Date and Time: Friday, 10th August, 2018, from 15:00 to 16:30
Place: IMRAM East Building 1, 3rd Floor Meeting Room #307, Katahira Campus, Tohoku University

Lecturer: Prof. Reiko ODA(Research Director, CNRS-CBMN / University of Bordeaux, France)
Title: Kinetic evolution of Chiral nanometric molecular assemblies: Molecular chirality to supramolecular chirality

Outline：
A vast number of examples of chiral nanostructures exist in nature such as nucleic acids, proteins or protein assemblies, inspiring chemists to design synthetic macromolecules with well-defined architectures and functions. The crystallography and modelling approaches are strong allies for logical design of such structures based on intra-inter molecular interaction. Meanwhile, it is much more difficult to predict and design the chiral structure formation based on molecular assemblies, usually more than 10 times larger than molecular helices, of the order of a few tens of nanometer in their pitches, due to the difficulty to obtain the molecular information at atomic scale for these structures.
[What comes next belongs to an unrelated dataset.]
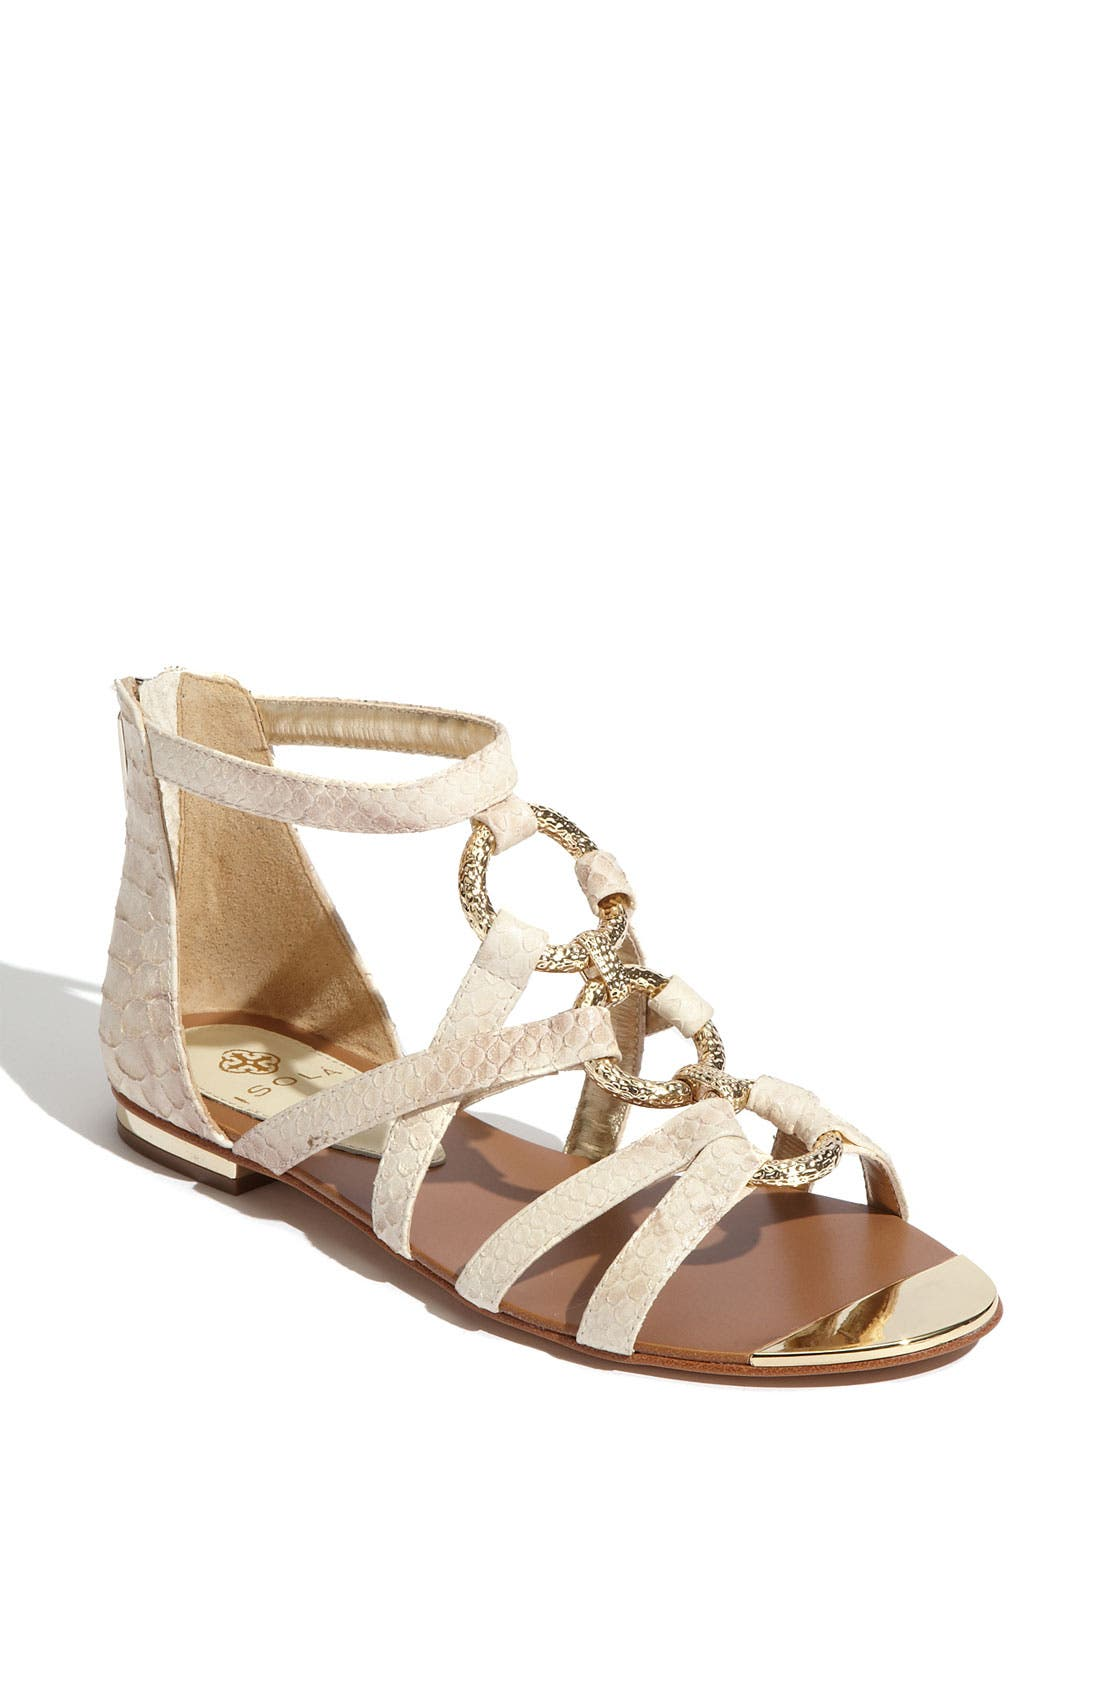 Main Image - Isolá 'Adriel' Flat Sandal

Not only because of the difficulty to crystalize these molecules while keeping the information of chiral packing but also the complex combination of cooperative weak interactions make it difficult to predict their assembling mechanisms. It is also sometimes shown that these objects evolves with time with a very slow time constant (needs days to reach equilibrium). We have previously shown that non-chiral di-cationic surfactant self-assemble to multi-bilayers to form helices in the presence of dianions, tartrate. Depending on the enantiomeric excess (ee) of the tartrate, the pitches vary from small (~60 nm) for ee = 1 to micrometers for ee = ~0.3 then to infinite (no helicity) for ee = 0.1,2 In this study, we follow the formation of these nanohelices of various sizes using the ensemble of techniques, CD, VCD, XRD, FT-IR, and cryo TEM. We have shown that the large twisted ribbons with micrometric pitches grow from the merging of smaller helices with nanometric pitches while the molecular organization increases with time, therefore leading to the increase in VCD, and the decrease in CD along with the pitch increase. The ensemble of data shed light on understanding how these helical molecular assemblies are formed resulting in the chirality enhancement.